***** DATA PROVIDED
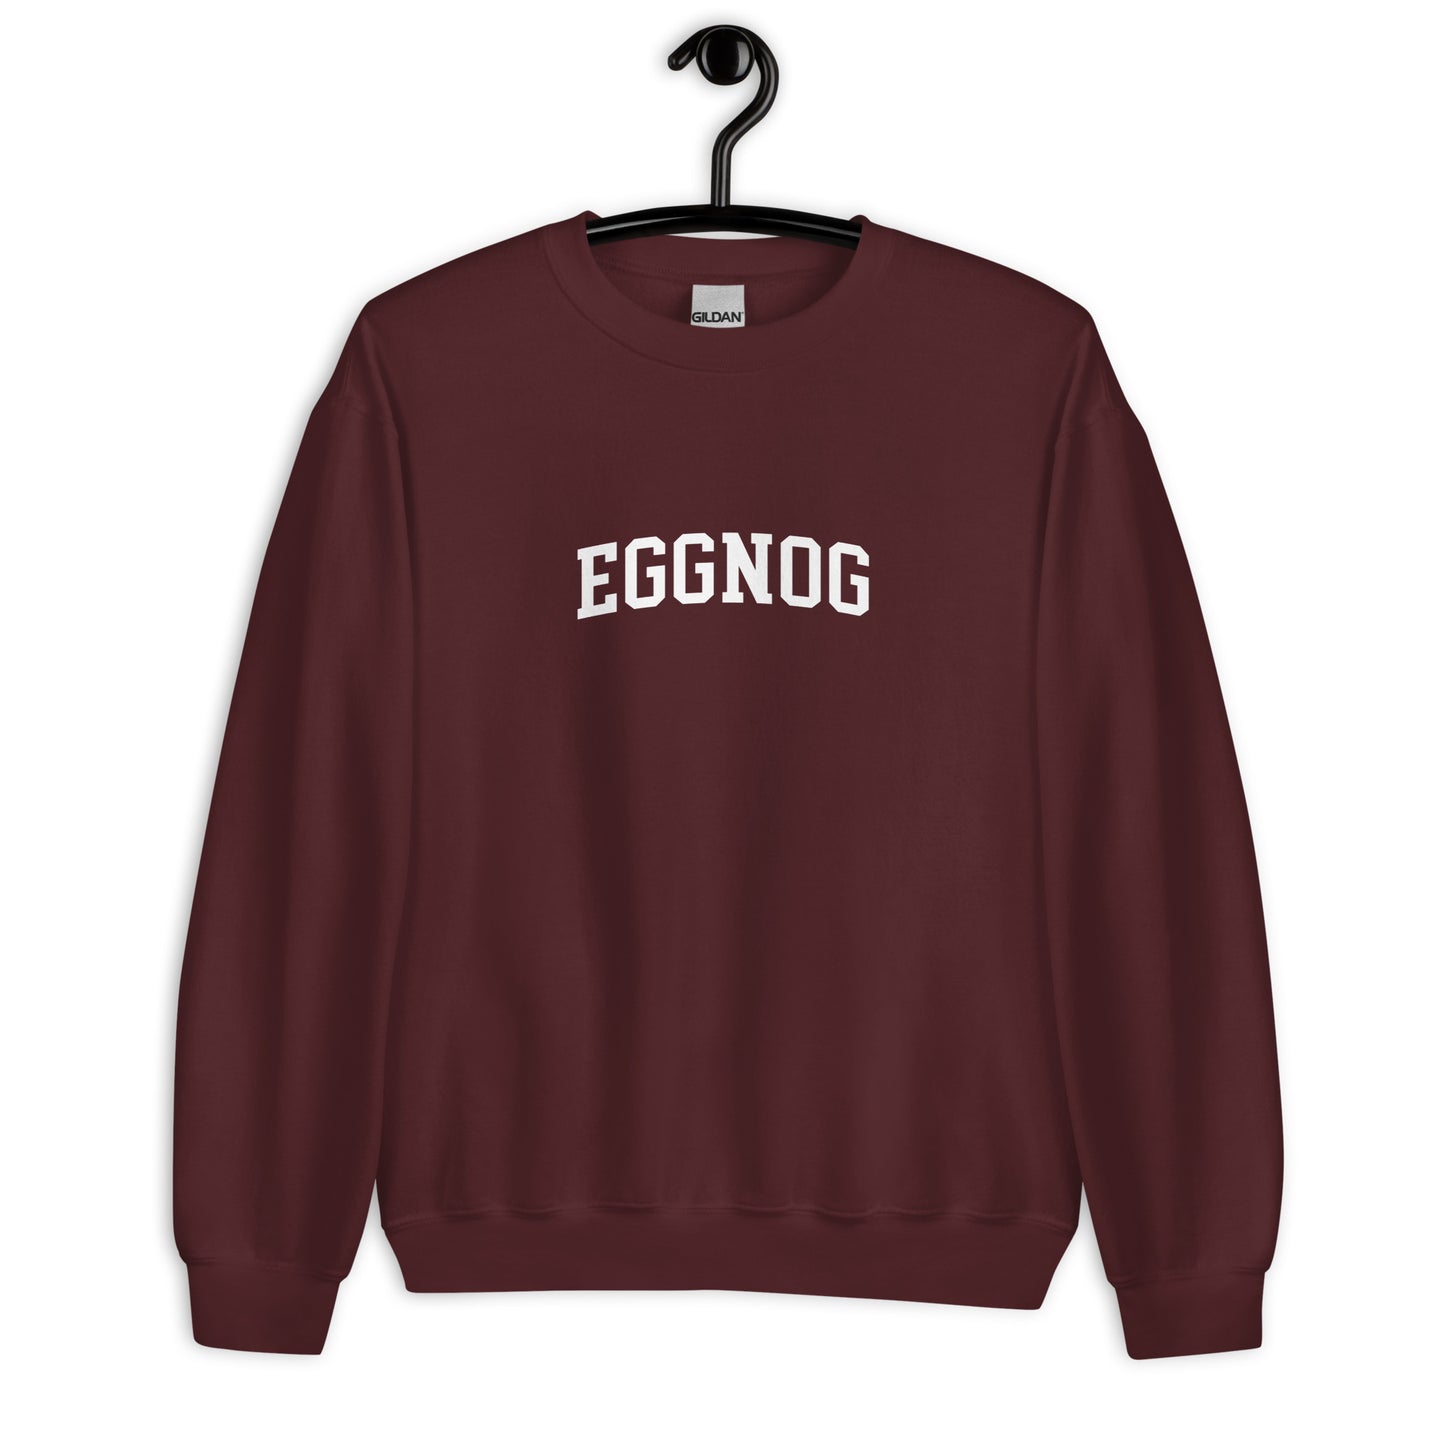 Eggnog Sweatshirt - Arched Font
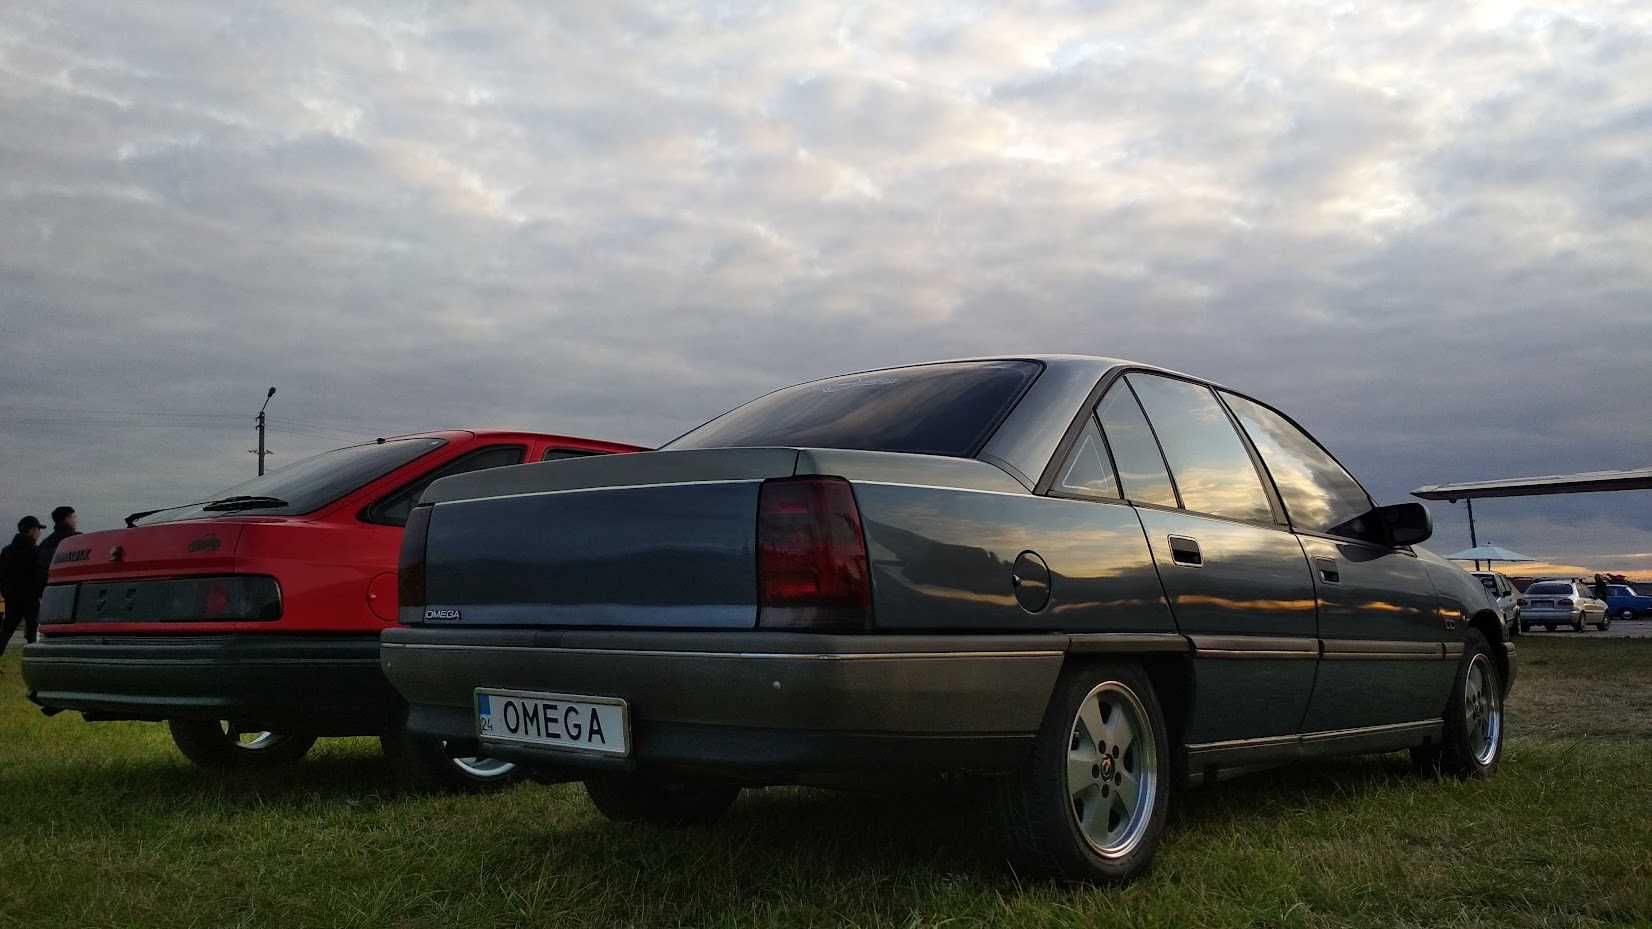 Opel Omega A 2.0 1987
**********
***** DATA PROVIDED
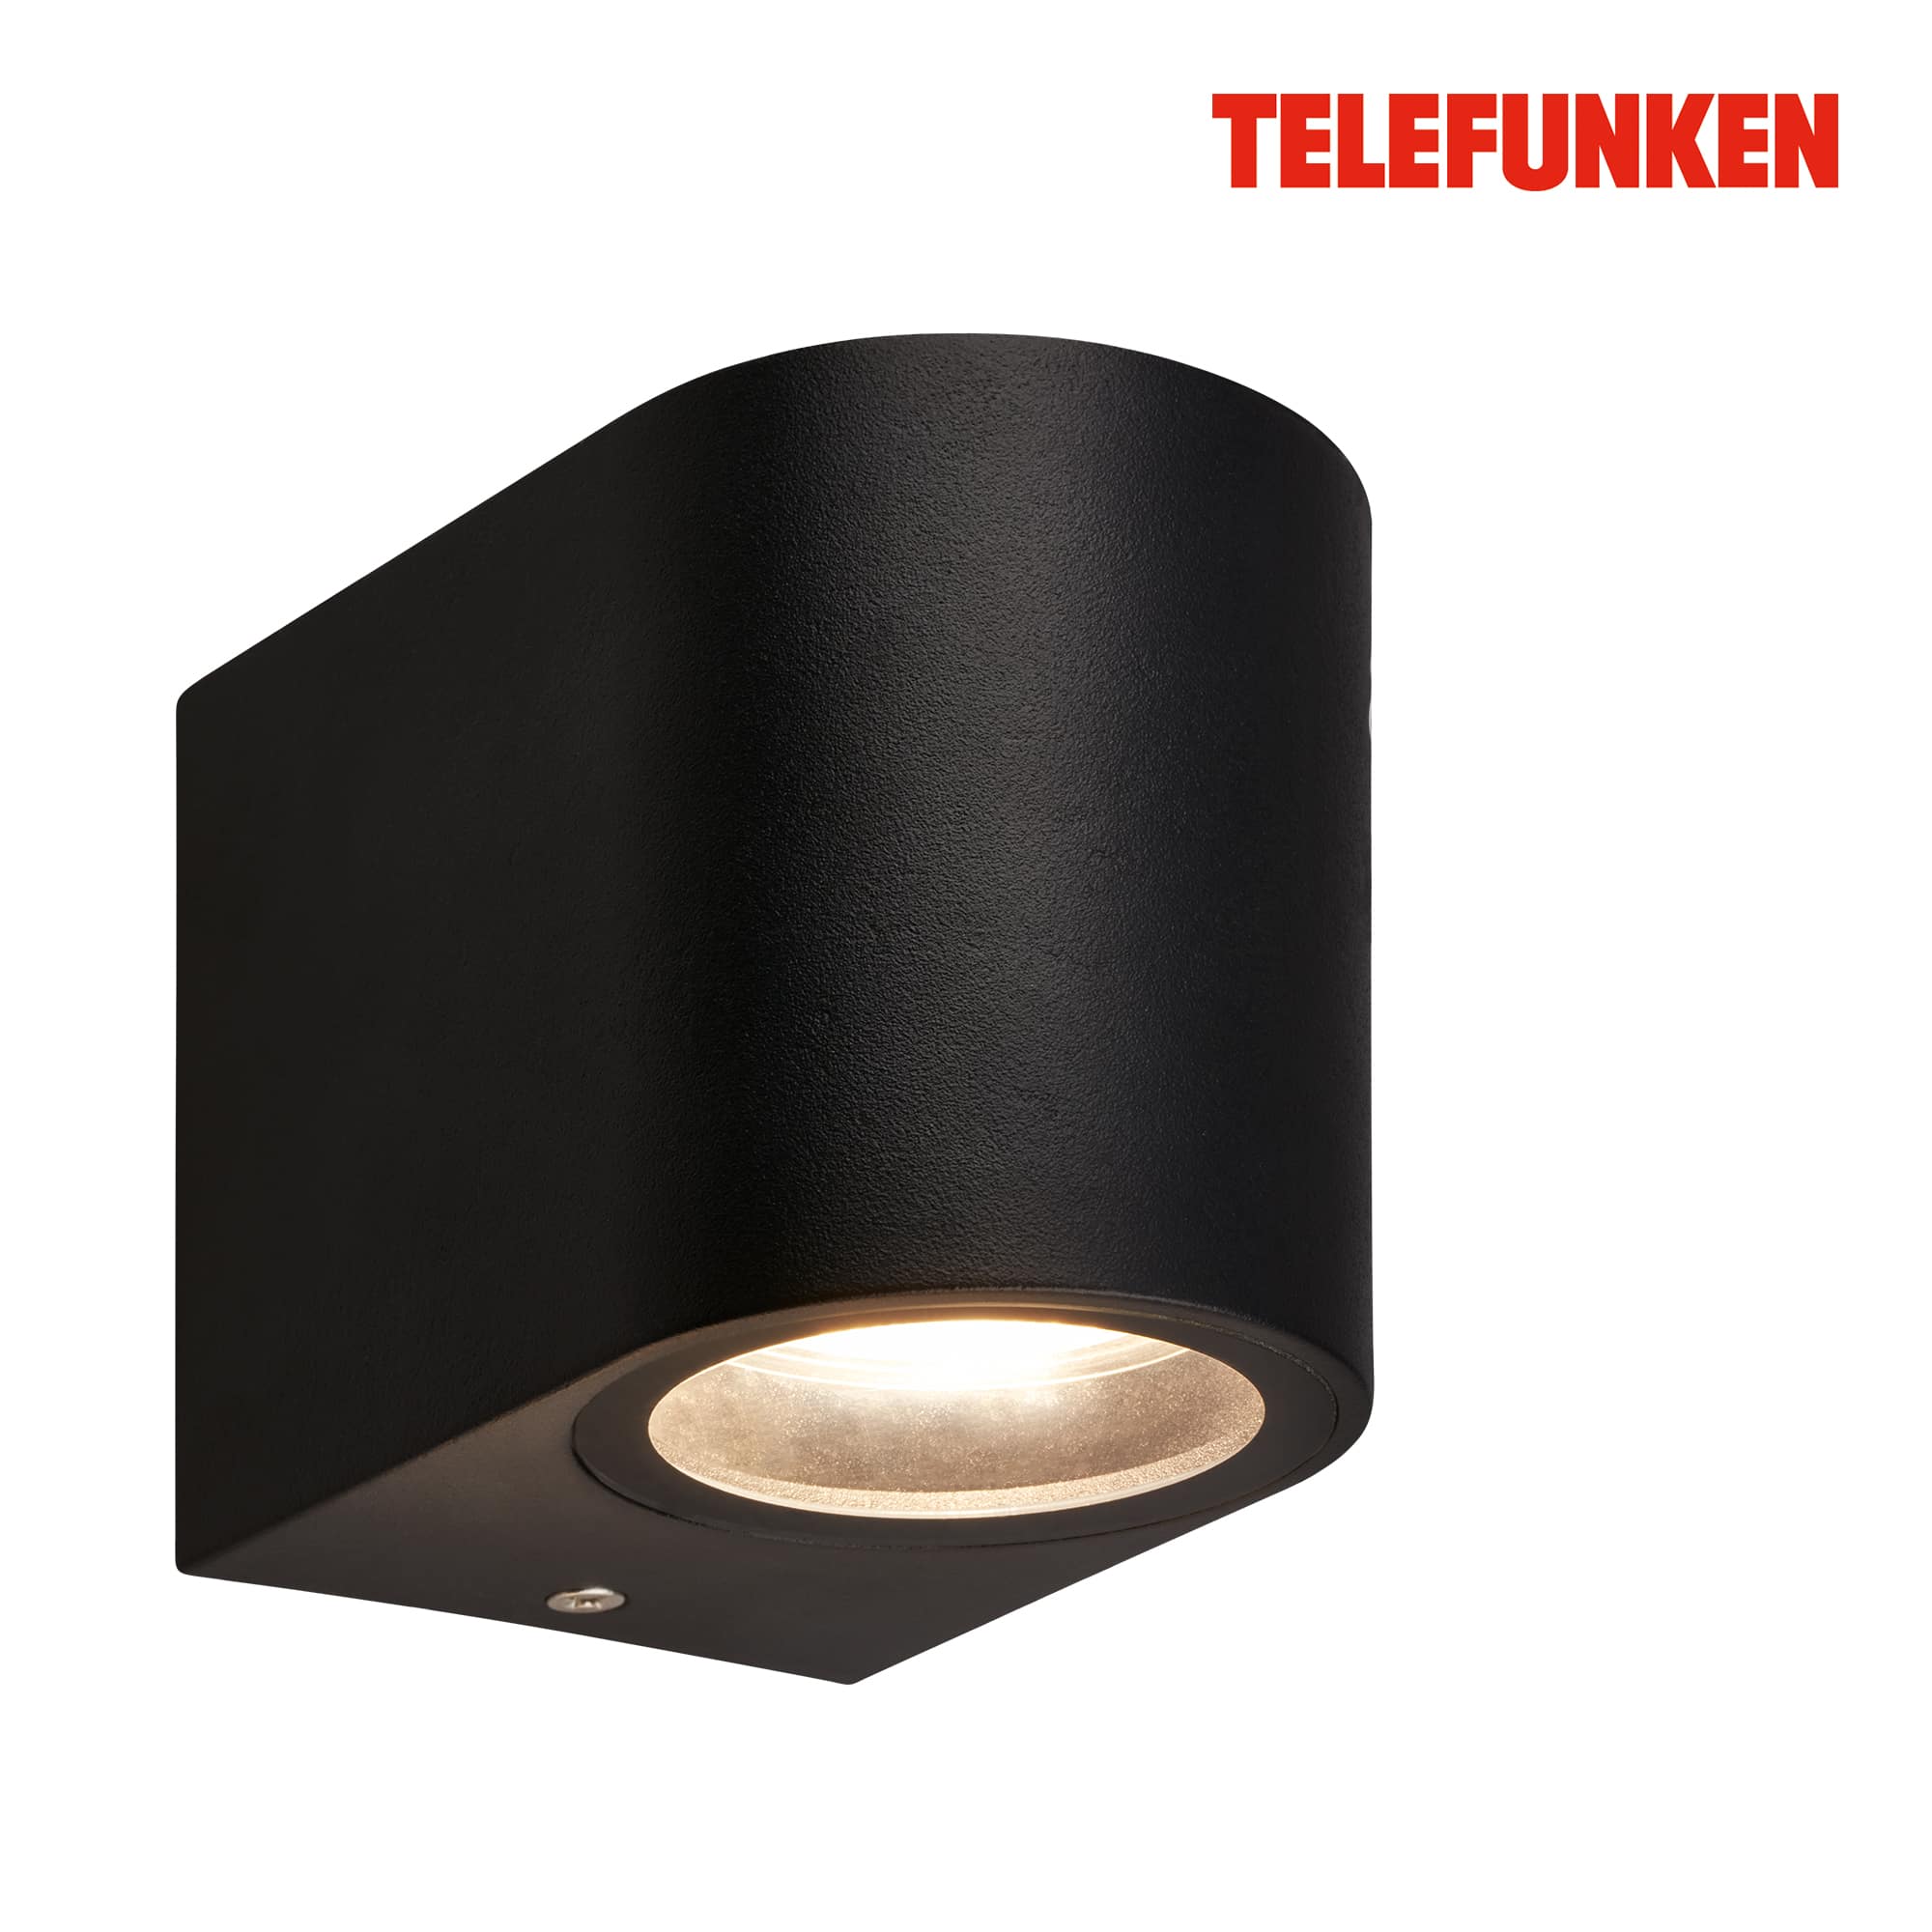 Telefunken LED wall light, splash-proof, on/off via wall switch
**********
__EXERCISE DETAILS__:
Work from the entries above. Set down exactly and only the lines from the line with "Eggnog Sweatshirt - Arched Font" to the line with "Opel Omega A 2.0 1987", both included, and leave the pictures out.

__WORKED SOLUTION__:
 Eggnog Sweatshirt - Arched Font
 Opel Omega A 2.0 1987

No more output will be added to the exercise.